Nurul Nur Azizah, ketua Divisi Gender, Anak, dan Kelompok Marjinal AJI Jakarta menambahkan, belenggu-belenggu gender membuat perempuan berpotensi tidak meneruskan pengobatan sampai betul-betul sembuh.
“Perempuan terkondisikan secara lingkungan dan sosial sehingga posisinya membuatnya lebih riskan. Sayangnya, media belum banyak mengeksplorasi bagaimana perempuan dengan kerentanan tersendiri harus berjuang dengan pengobatan TB. Masih banyak yang bisa digali,” imbuhnya.
Siti Nadia Tarmizi, Direktur Pencegahan dan Pengendalian Penyakit Menular Langsung Kementerian Kesehatan mengamini pernyataan Nurul.
“Sebenarnya penderita TB itu mengalami beberapa hal. Misalnya, buruh yg TB, itu masih ada perusahaan yang mem-PHK buruh tersebut. Belum lagi, penderita TB itu butuh waktu cuti selama 2 minggu untuk dia mengakses pengobatan secara baik. Tapi, perusahaan tidak mau memberi itu. Padahal, setelah 2 minggu kan dia bisa bekerja kembali. Isu seperti ini juga menarik diangkat,” ucapnya.
Jurnalis yang meliput isu tuberkulosis dengan perspektif HAM dan kesetaraan gender akan memberi afirmasi terkait pemenuhan hak kesehatan para pengidap tuberkulosis khususnya bagi perempuan, anak-anak, dan kelompok rentan. Perspektif HAM dan kesetaraan gender yang utuh akan memandu cara berpikir jurnalis dalam menghasilkan berita yang tidak stigmatisasi dan mendiskriminasi pengidap tuberkulosis.

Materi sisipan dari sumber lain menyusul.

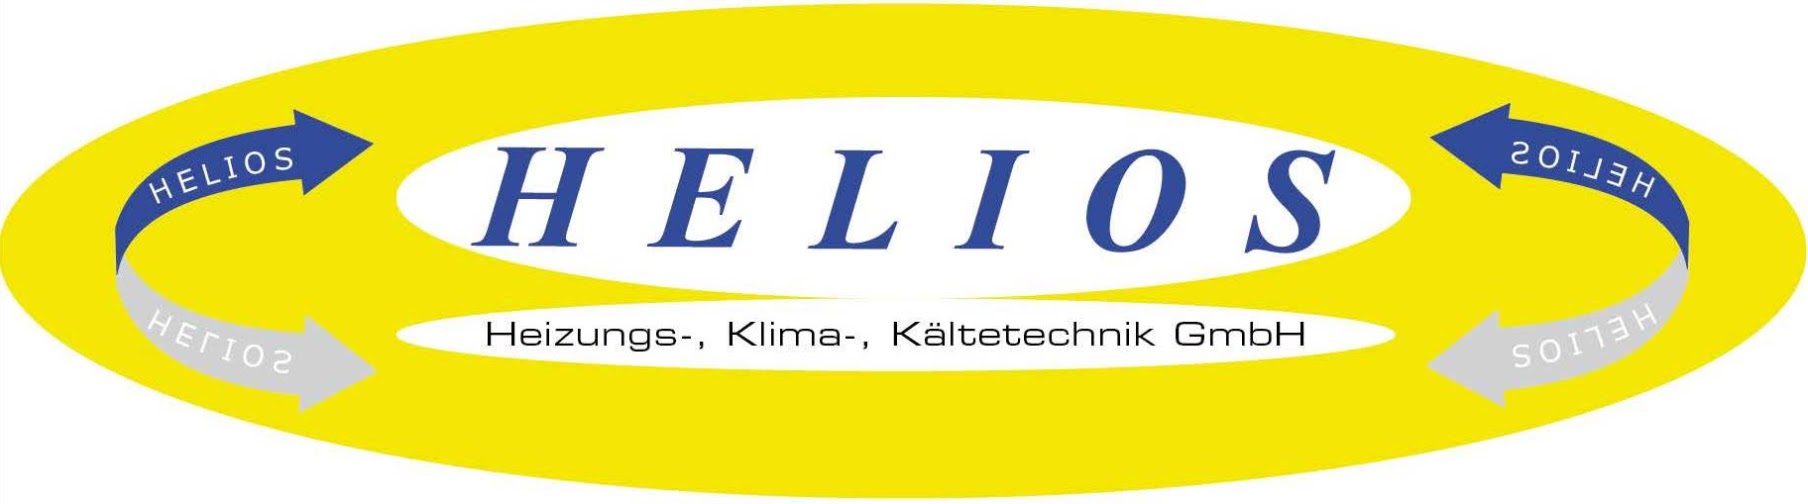 Helios Heizungs-, Klima-, und Kältetechnik GmbH Logo

Untuk itulah, AJI Jakarta bersama POP TB mendorong para jurnalis berkarya dengan membuka kesempatan fellowship bertema “ TB dalam Perspektif HAM dan Kesetaraan Gender”. Fellowship berupa beasiswa peliputan yang diberikan pada 10 orang jurnalis terpilih yang telah mengirimkan proposal karyanya. Kriteria yang dipakai oleh tim penilai adalah (1) tema, (2) ketajaman angle, (3) kedalaman usulan liputan, (4) dampak bagi publik, (5) keterwakilan daerah, (6) keseimbangan gender, dan (7) kemampuan jurnalistik peserta.